Department of Molecular and Functional Genomics, Weis Center for Research, Geisinger Medical Center, Danville, PA, USA.
Department of Women's Health, Geisinger Medical Center, Danville, PA, USA.
BMC Cancer. 2020 Apr 3;20(1):273. doi: 10.1186/s12885-020-06752-1.

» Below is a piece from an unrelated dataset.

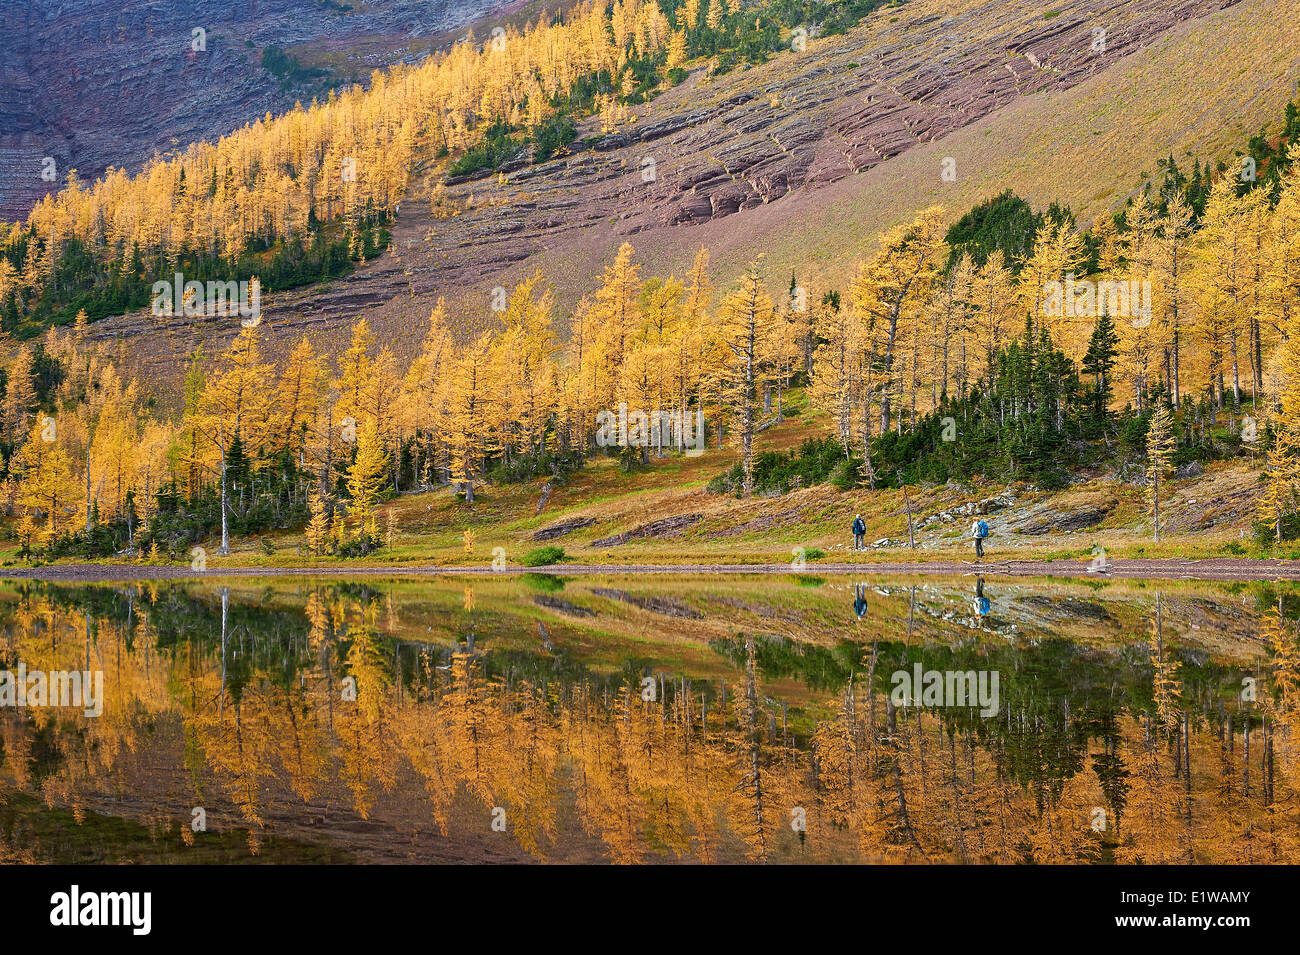 Fallen Farbe Reflexion, gelbe Bäume nennt man Tamarack oder Lärche (Larix Laricina), Upper Lake Rowe, Stockbild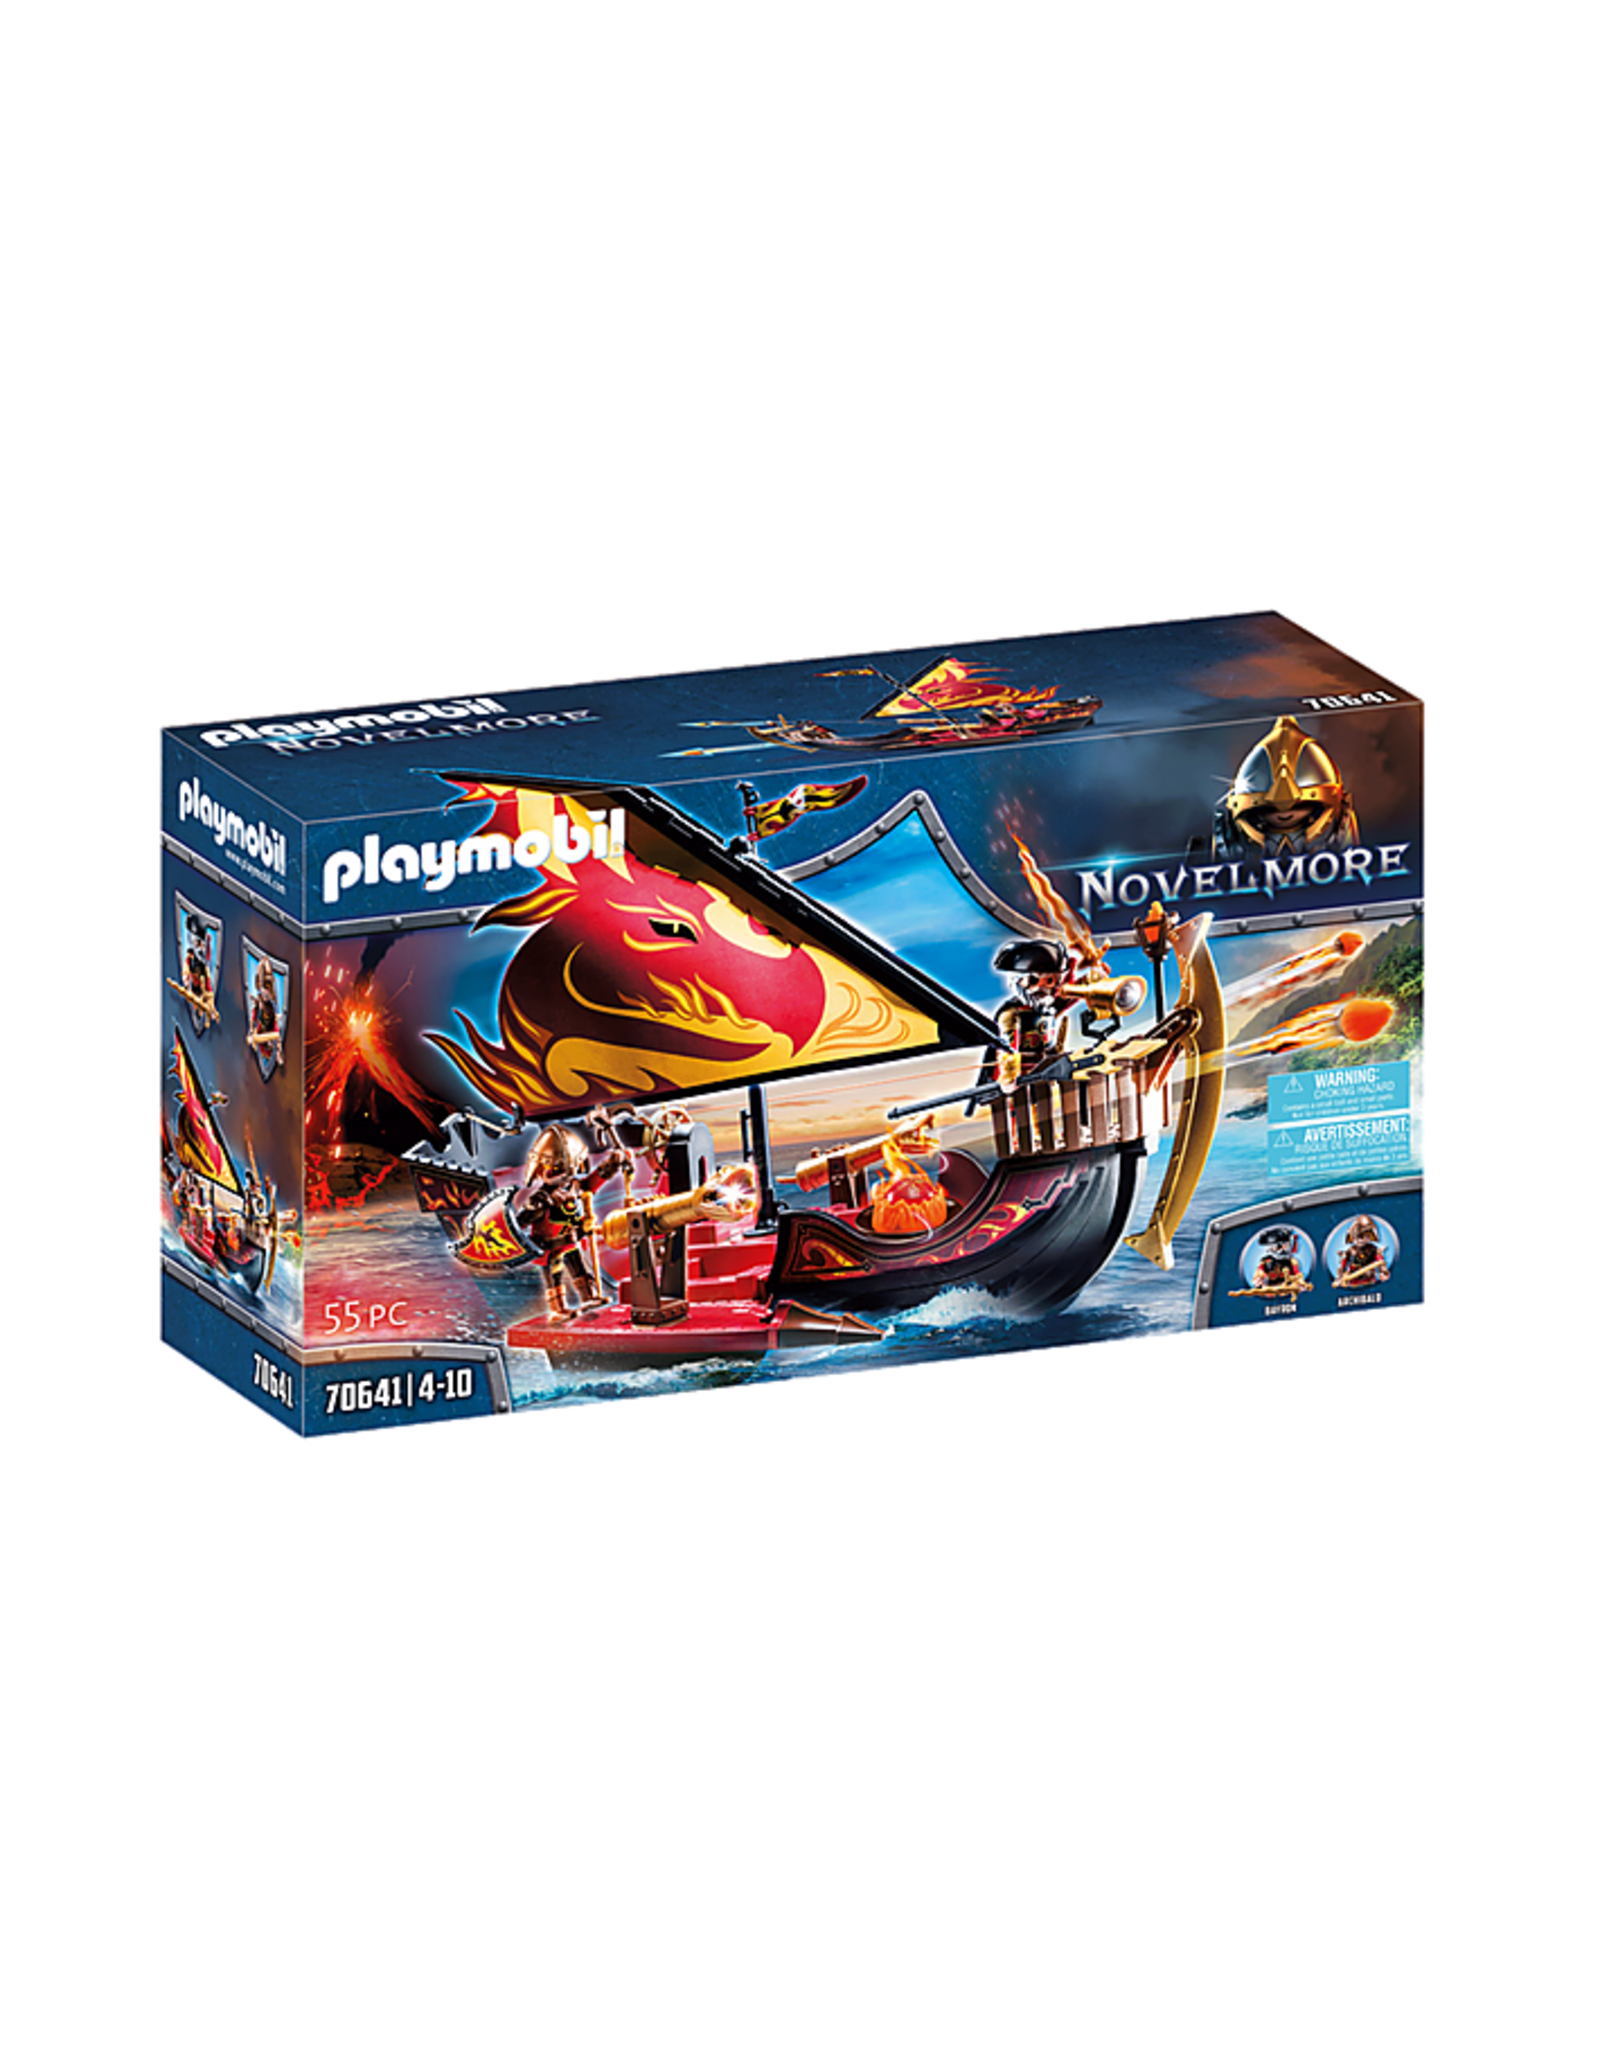 Playmobil Novelmore Burnham Raiders Fire Ship

Epithelial ovarian cancers (EOCs) comprises the majority of malignant ovarian neoplasms. Combination treatment with chemotherapeutic agents seems to be a promising strategy in ovarian cancer (OVCA) patients in order to overcome drug resistance. In this in vitro study, we investigated the therapeutic efficacy of verteporfin (VP) alone and in combination with cisplatin (CDDP), carboplatin (CP) and paclitaxel (Taxol). The main objectives of this study are to determine the nature of interactions between VP and CDDP/CP/Taxol and to understand the mechanism of action of VP in OVCA cells.
The efficacy of VP on cell proliferation, cytotoxicity, invasion and clonogenic capacity was assayed in CDDP-sensitive (COV504, OV-90) and CDDP-resistant (A2780Cis) cell lines. The cytotoxic effects of drugs either alone or in combination were evaluated using MTT assay and Cell Viability Blue assay. The effects of drugs on the metabolic functions were studied using matrigel invasion assay and clonogenic assay. Immunoblot analysis was carried out to investigate changes in YAP and cell cycle genes. Changes in the cytokines due to drug treatments were analyzed using a cytokine array.
Treatment with VP inhibited cell proliferation, invasion and increased cytotoxicity of OVCA cells. We observed that VP chemosensitized CDDP-resistant cells, even at lower doses. When added either in constant or non-constant ratios, VP produced synergistic effects in combination with CDDP/CP/Taxol. A cytokine array identified upregulation of cytokines in OVCA cells that were inhibited by VP treatment.
Either in cisplatin-resistant cell lines or cisplatin-sensitive cell lines, VP proves to be more efficient in inhibiting cell proliferation and inducing cytotoxicity. Our results suggest that novel combinations of VP with CDDP or CP or Taxol might be an attractive therapeutic strategy to enhance OVCA chemosensitivity. The fact that lower doses of VP are effective in chemosensitizing the CDDP-resistant cells, might ultimately lead to the development of an innovative combination therapy for the treatment of OVCA patients.
上皮性卵巢癌(EOC)占恶性卵巢肿瘤的大多数。联合化疗似乎是卵巢癌(OVCA)患者克服耐药性的一种有前途的策略。在这项体外研究中,我们研究了单独使用维替泊芬(VP)以及与顺铂(CDDP)、卡铂(CP)和紫杉醇(Taxol)联合使用治疗的疗效。本研究的主要目的是确定 VP 与 CDDP/CP/Taxol 之间相互作用的性质,并了解 VP 在 OVCA 细胞中的作用机制。
在 CDDP 敏感(COV504、OV-90)和 CDDP 耐药(A2780Cis)细胞系中,测定 VP 对细胞增殖、细胞毒性、侵袭和克隆形成能力的影响。分别用 MTT 法和细胞活力蓝检测药物单独或联合使用的细胞毒性作用。用基质胶侵袭试验和克隆形成试验研究药物对代谢功能的影响。用免疫印迹分析研究 YAP 和细胞周期基因的变化。用细胞因子阵列分析因药物处理而导致的细胞因子变化。
VP 治疗抑制了 OVCA 细胞的增殖、侵袭和增加了细胞毒性。我们观察到,VP 即使在较低剂量下也能使 CDDP 耐药细胞增敏。当以恒定或非恒定比例加入时,VP 与 CDDP/CP/Taxol 联合产生协同作用。细胞因子阵列鉴定出 OVCA 细胞中因 VP 处理而上调的细胞因子。
无论是在 CDDP 耐药细胞系还是 CDDP 敏感细胞系中,VP 都能更有效地抑制细胞增殖并诱导细胞毒性。我们的结果表明,VP 与 CDDP 或 CP 或 Taxol 的新组合可能是增强 OVCA 化疗敏感性的一种有吸引力的治疗策略。VP 以较低剂量有效增敏 CDDP 耐药细胞的事实,最终可能导致为治疗 OVCA 患者开发创新的联合治疗。